Abstract

AbstractBased on Mars Atmospheric and Volatile EvolutioN's neutral composition and Langmuir probe electron density and temperature data, we statistically analyzed the climatic variations of the Martian thermosphere and ionosphere and found significant north–south asymmetry. In winter and summer, the asymmetry mainly originates from the north–south asymmetry of the solar zenith angle. However, the observed data still exhibit significant north–south asymmetry in equinox seasons. Under low solar extreme ultraviolet radiation, the thermospheric neutral density in the northern hemisphere is higher than that in the southern hemisphere. As solar radiation increases, the neutral density in the southern hemisphere gradually exceeds that in the northern hemisphere. In addition, the southern hemisphere density increases nonlinearly with the increase of solar radiation, whereas the northern hemisphere density increases linearly. The electron density and electron temperature in the Martian ionosphere also exhibit similar north–south asymmetry.
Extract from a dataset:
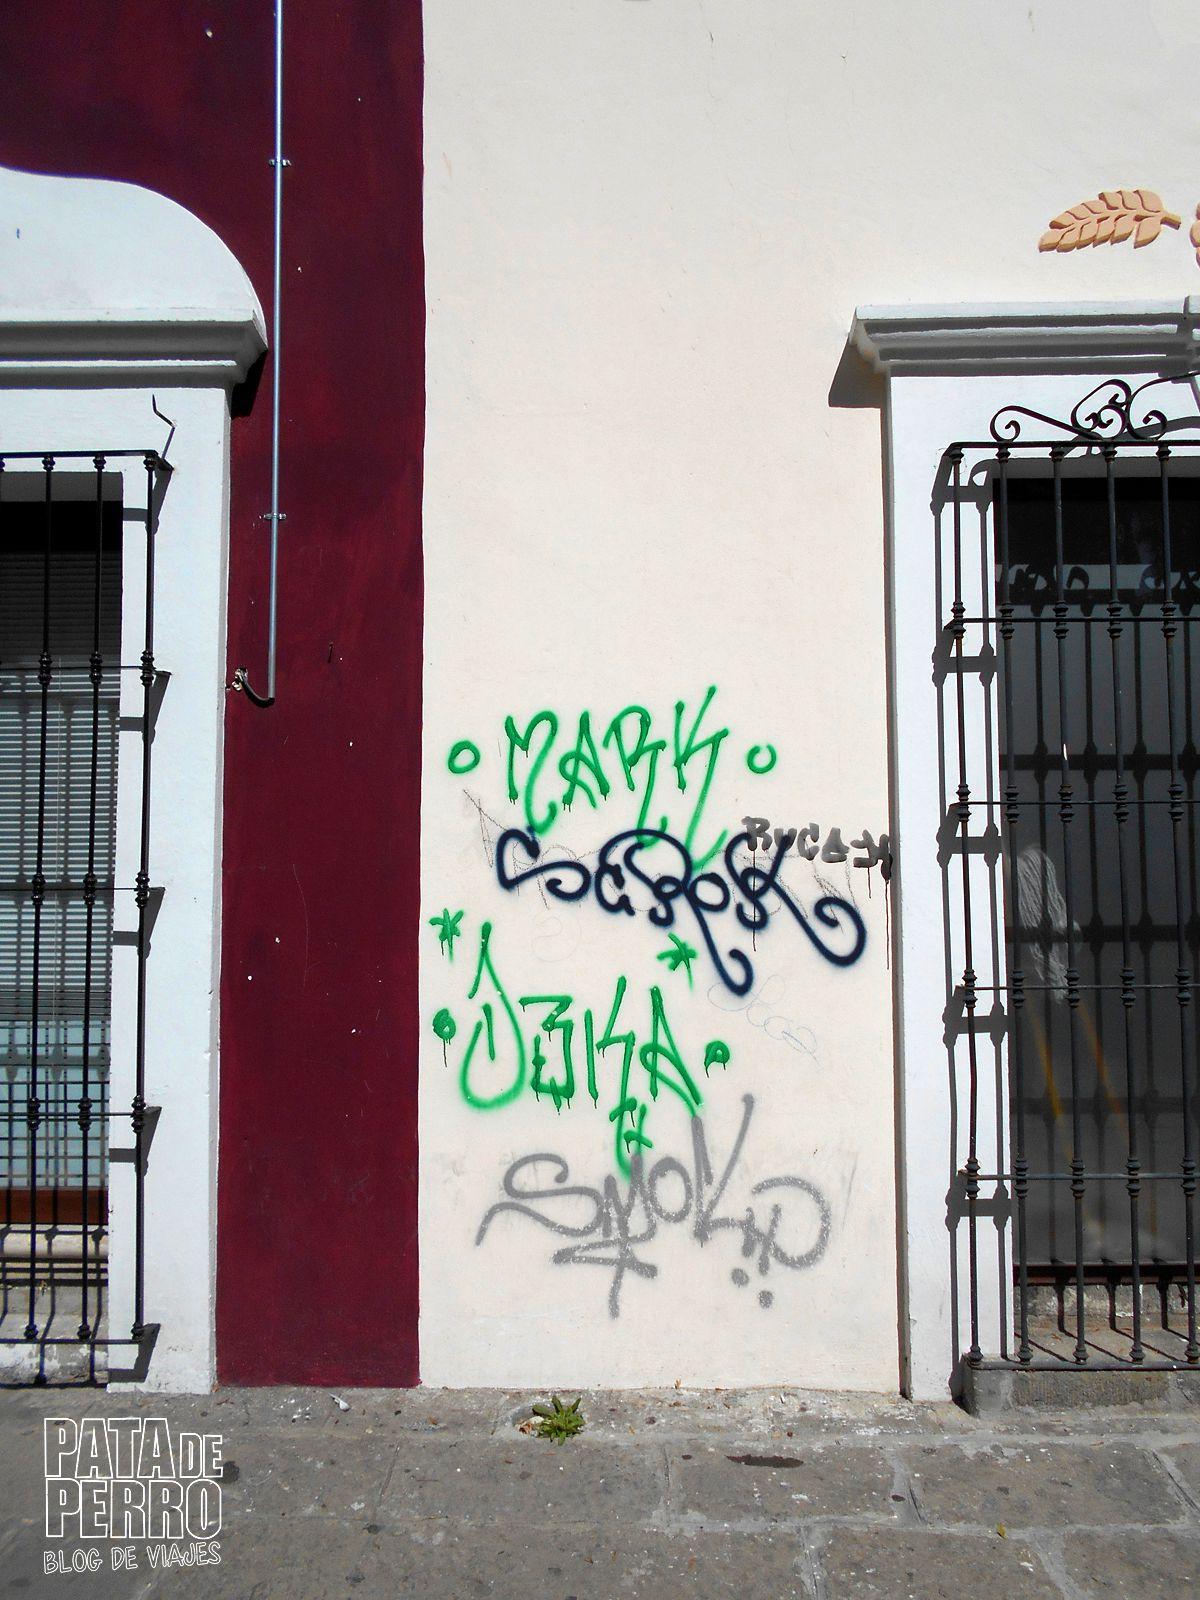 huejotzingo puebla mexico pata de perro blog de viajes43

The asymmetries in the ionosphere and thermosphere between the northern and southern hemispheres are likely related to significant differences in Mars' north–south topography or to north–south asymmetries in the residual magnetic field. After preliminary analysis, we found that the north–south asymmetry of Mars' remaining magnetic field would intensify the hemispheric asymmetry of the ionospheric electron density, but have no effect on the thermospheric neutral density. The hemispheric asymmetry may be primarily related to the significant difference in Mars' north–south topography.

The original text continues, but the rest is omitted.